For one month every year, five highly competitive friends hit the ground running in a no-holds-barred game of tag they’ve been playing since the first grade. Based on a true story that was reported in a 2013 article in the Wall Street Journal, “Tag” has the most basic of premises — and it’s something that works in the film’s favor. The result is a rambunctious descent into the gleeful madness of how far these guys will go to be the last man standing.
The now grown group of childhood friends includes successful veterinarian Hogan (Ed Helms), slick-talking executive Bob (Jon Hamm), Sable (Hannibal Buress, an asset with his amusing deadpan line delivery), stoner Chilli (Jake Johnson), and the legendary fitness trainer Jerry (Jeremy Renner), the only one of the gang who has never, ever been tagged. With Jerry’s upcoming marriage and retirement from the game looming, Hogan rounds up the fellas for one epic last game to see who can win bragging rights by finally making the undefeated man “It.”
It sounds ridiculous and it is, but the film portrays and exploits the male competitive streak in hilarious fashion. These guys will stop at nothing to get the upper hand on each other. They wear costumes, hide behind cars, even enlist the help of doppelgangers to throw each other off the trail. The jokes are simple yet inspired, with a good mix of pratfalls and slapstick (yes, and they’re actually funny here) and more meaningful gags about each man’s flaws and how it’s in their nature to act on them.

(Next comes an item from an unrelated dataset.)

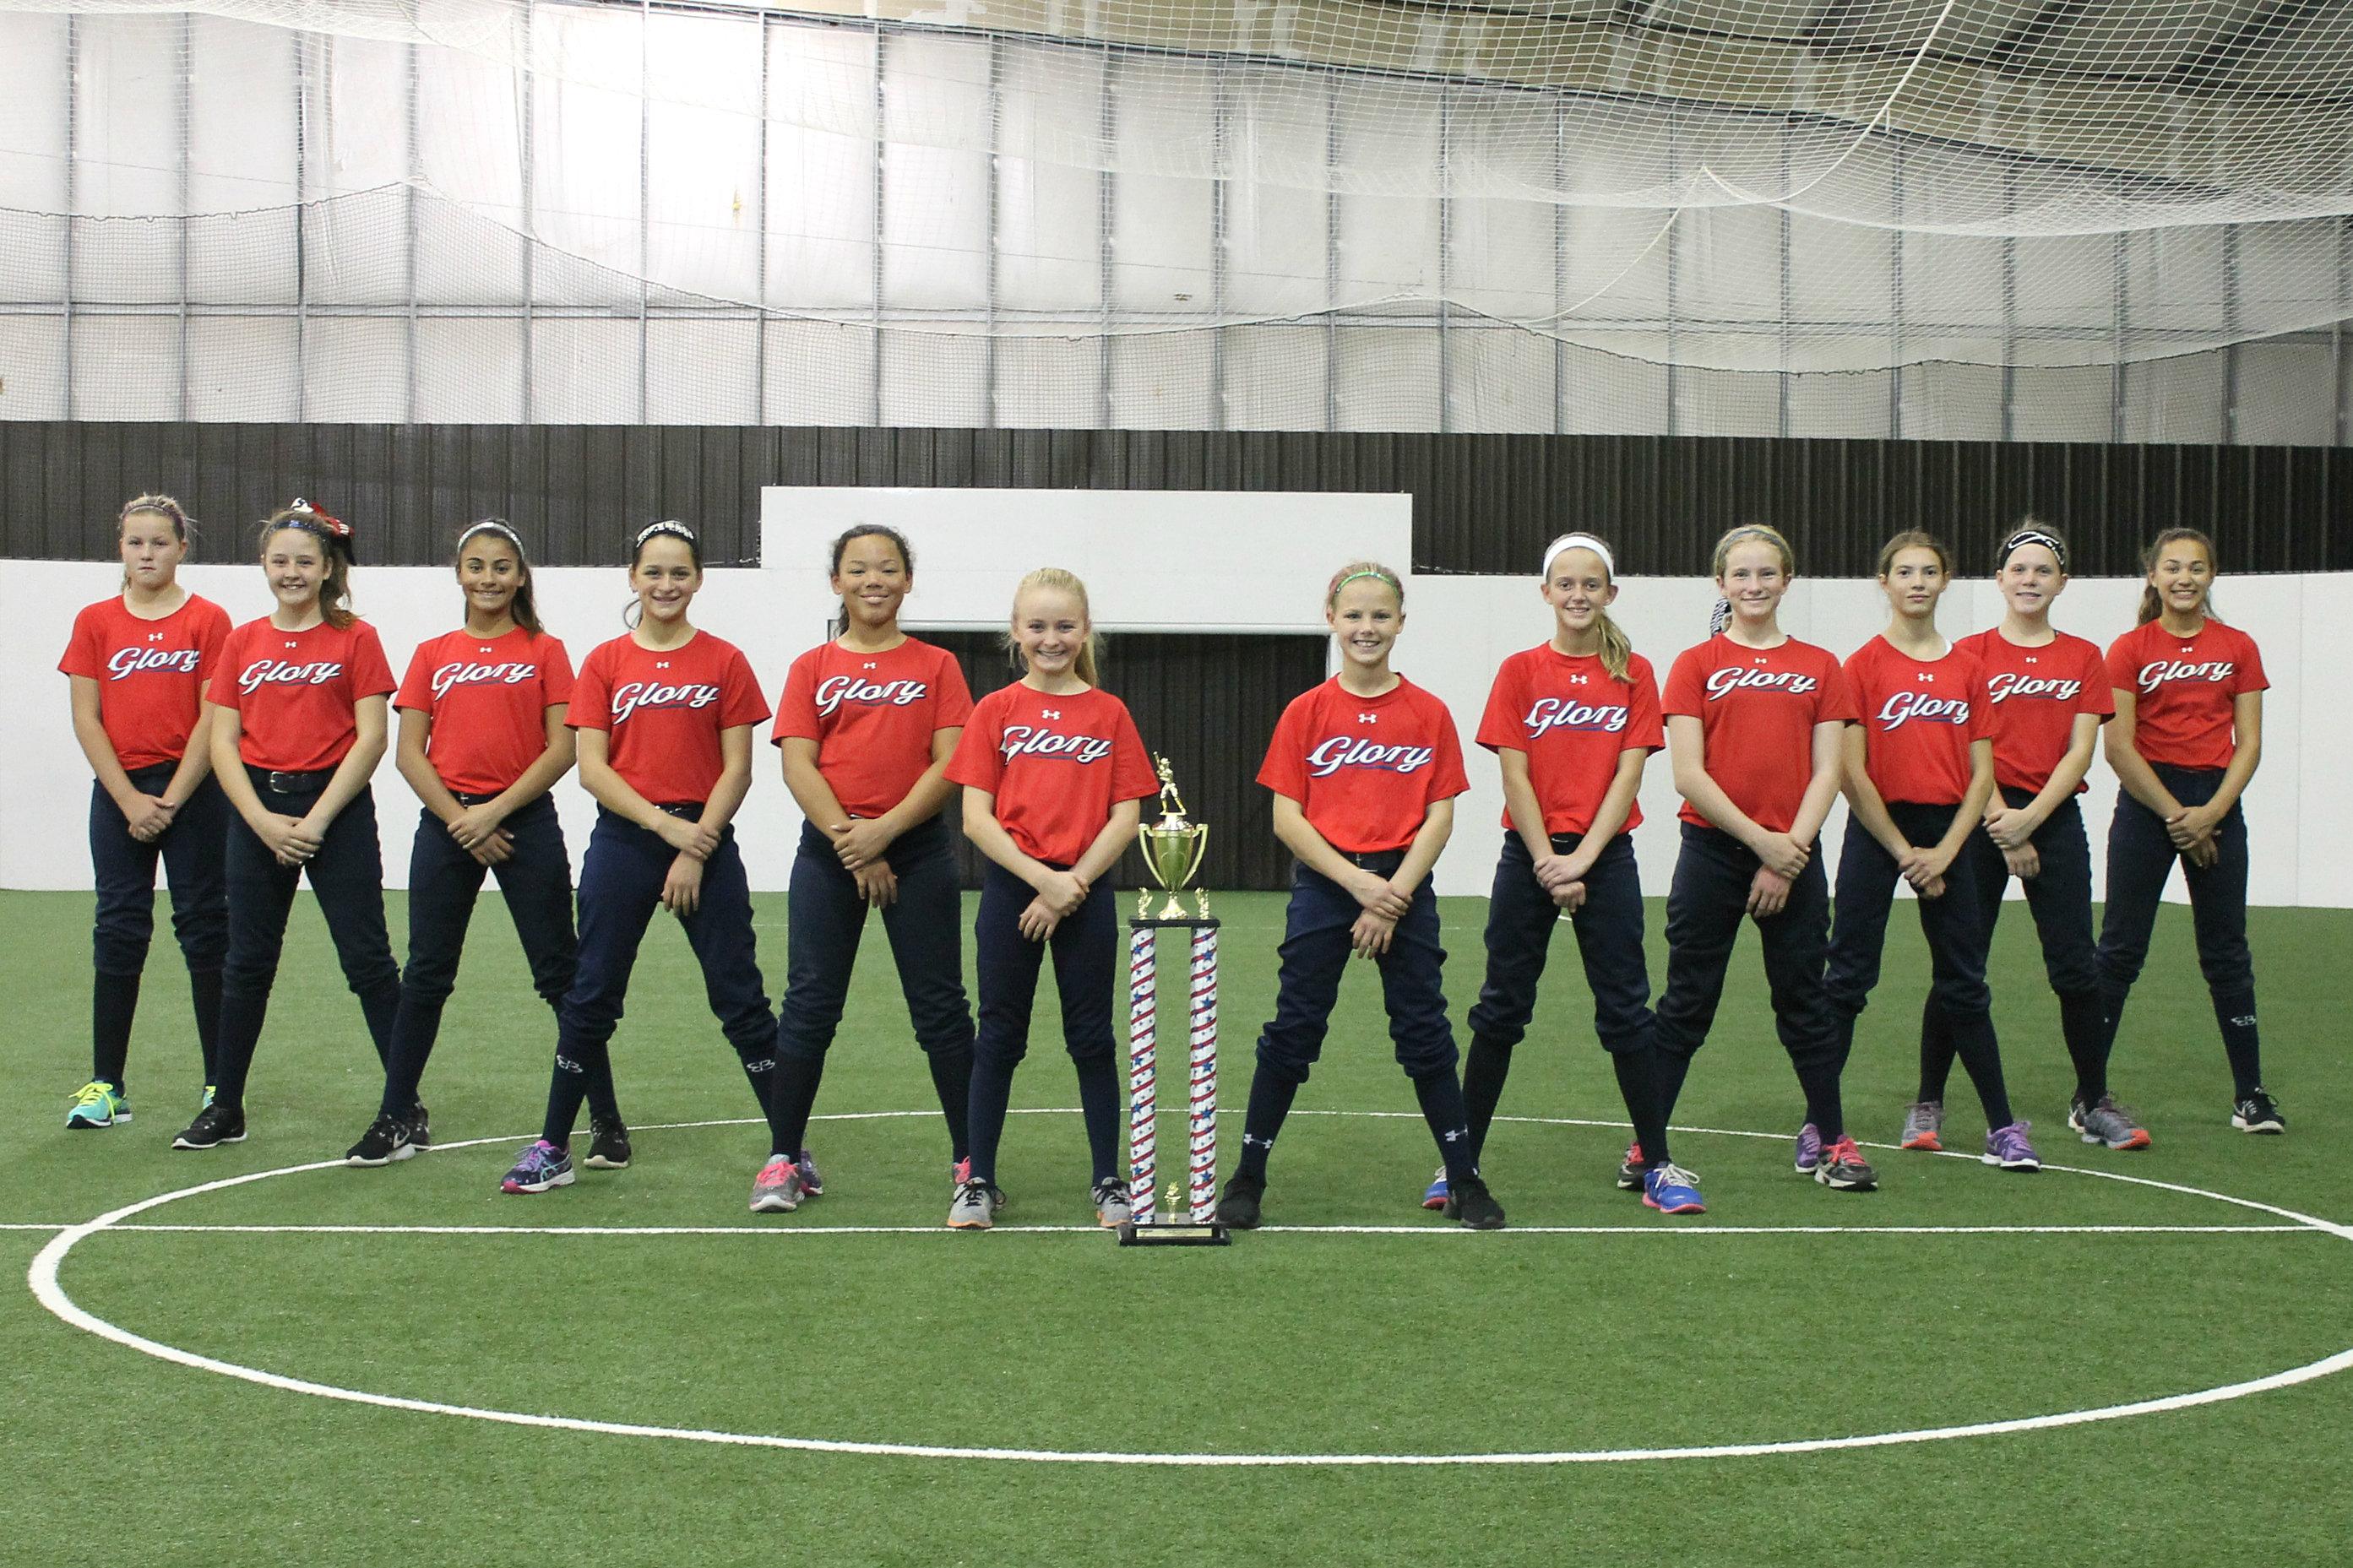 team glory fastpitch softball mil appreciation wix logo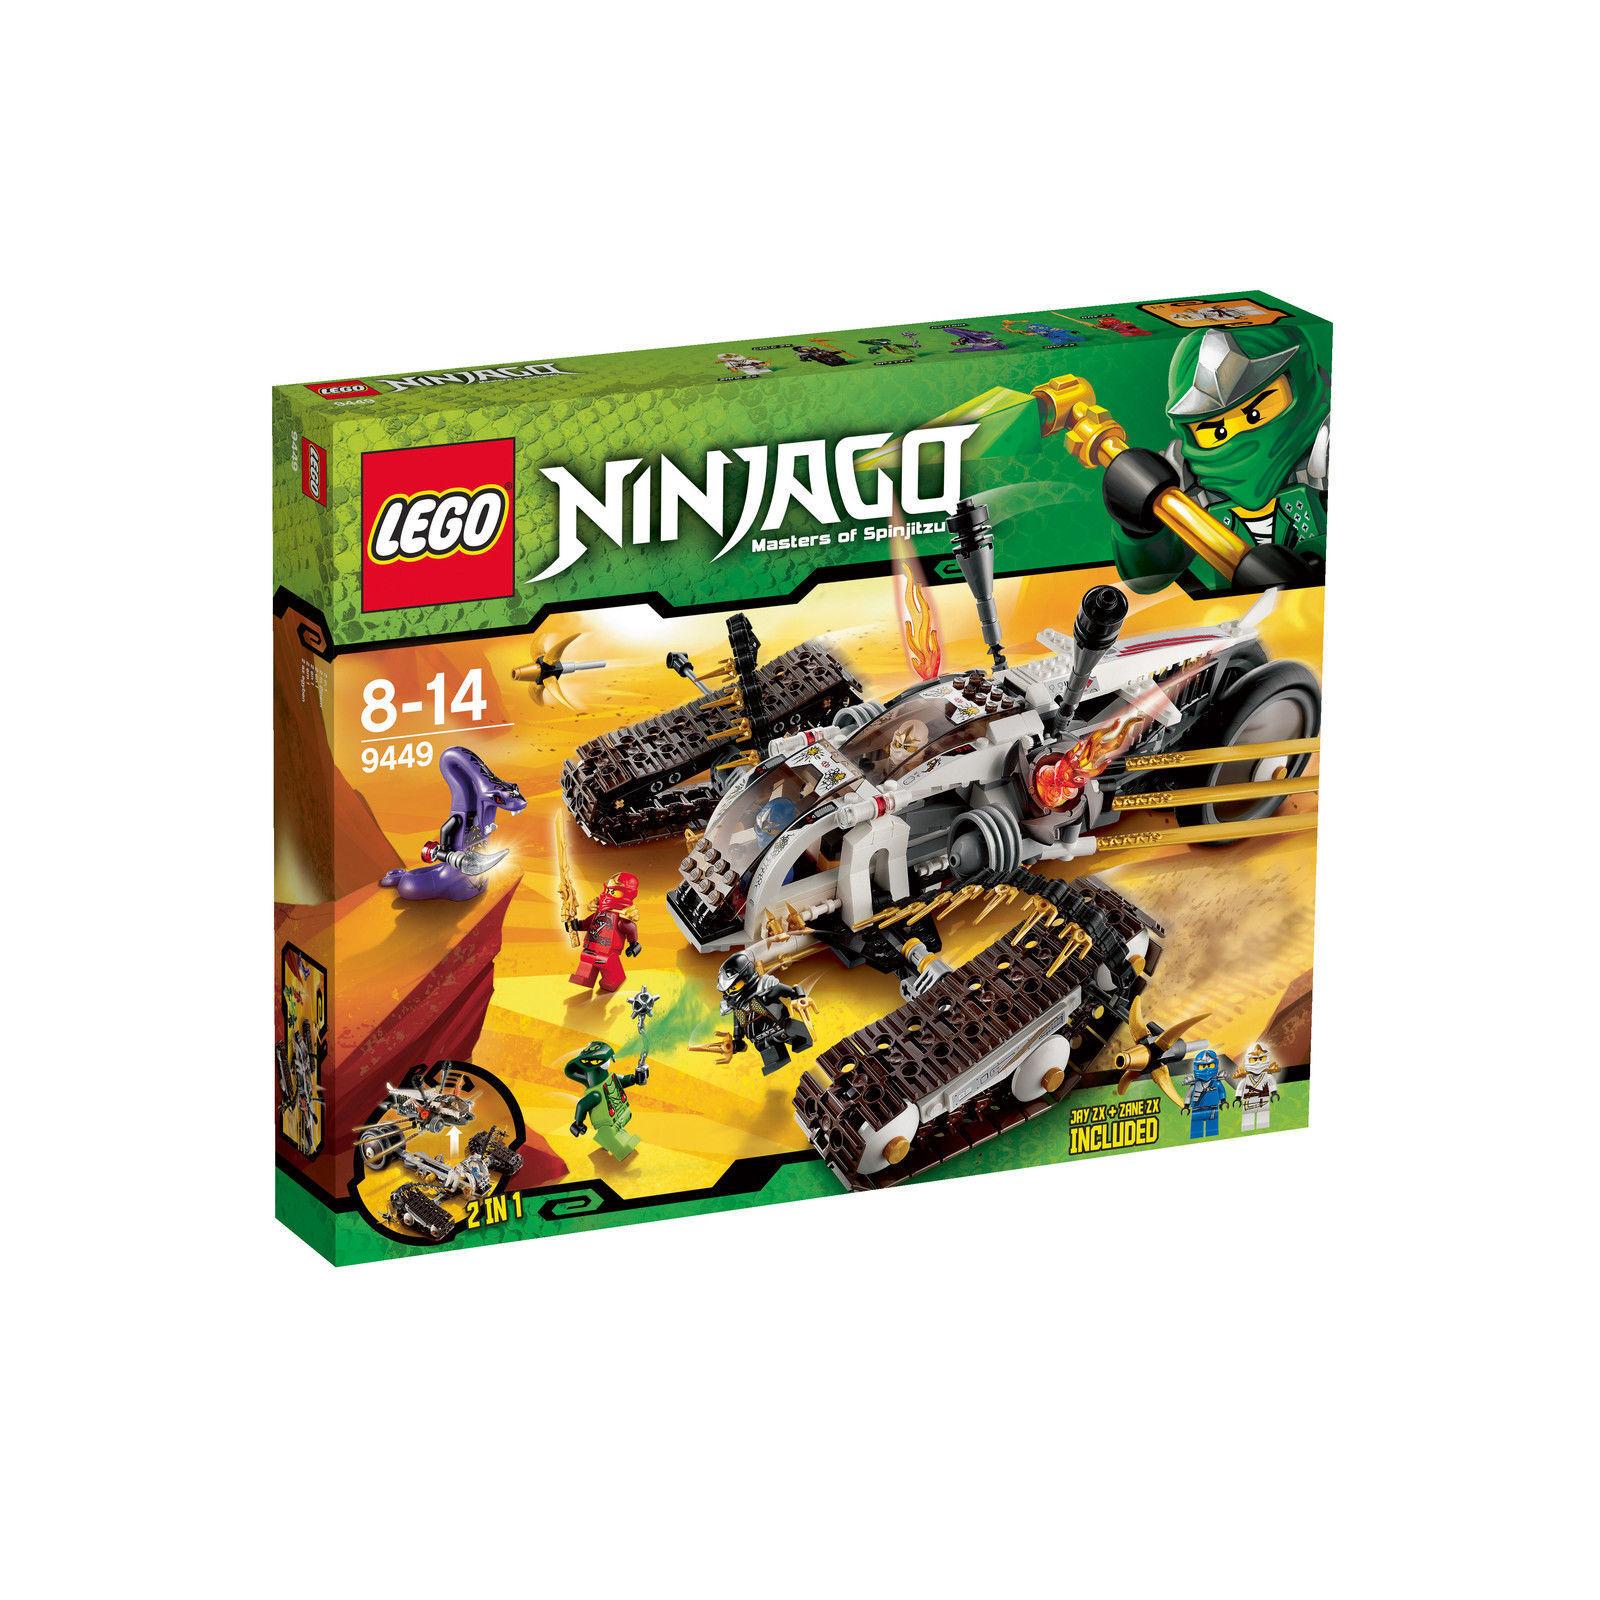 Lego Ninjago 9449 ultrallschall-Raider rareza nuevo embalaje original New

The extent to which these grown men will go to be victors at a 30 year old game of tag can get silly, but that’s where the very best belly laughs originate. One of the best action bits is early in the story when Hogan and Bob corner Chilli and he mounts his escape, Indiana Jones style. It doesn’t go well.
These guys are believable as longtime friends and the actors play exceptionally well off each other. Their poker-faced banter never feels insincere nor forced, and these are people you want to hang out with. This is a bro movie through and through, with women (and their very thinly written characters) taking the back seat. The only female that holds her own (and nearly steals the show) is Isla Fisher as Hogan’s uber-intense wife Anna, in what reminds me of an over-the-top homage to Fisher’s “Wedding Crashers” character.
The film becomes repetitive when it rehashes a no-nonsense voiceover (it sails through with flying colors the first time but feels stale but its third overuse), and a few too many jokes are in very poor taste (so much so that the characters themselves reference the fact). Some of the more unpleasant barbs take aim at tragedy (the sudden death of a husband, a potential miscarriage) or are downright gross (including a scene involving a childhood stuffed bear). All of these “jokes” left me with an unshakeable icky feeling. Despite these ill-advised quips, the movie still manages to bring the laughs until the end.
“Tag” is an enjoyable ode to lifelong relationships, a comedy with heart, and one that instills the value of true friendship and reminds us that we’re never too old to play. It’s not destined to become a classic but when it comes to easygoing summertime entertainment, it nearly reaches mindless, fun perfection.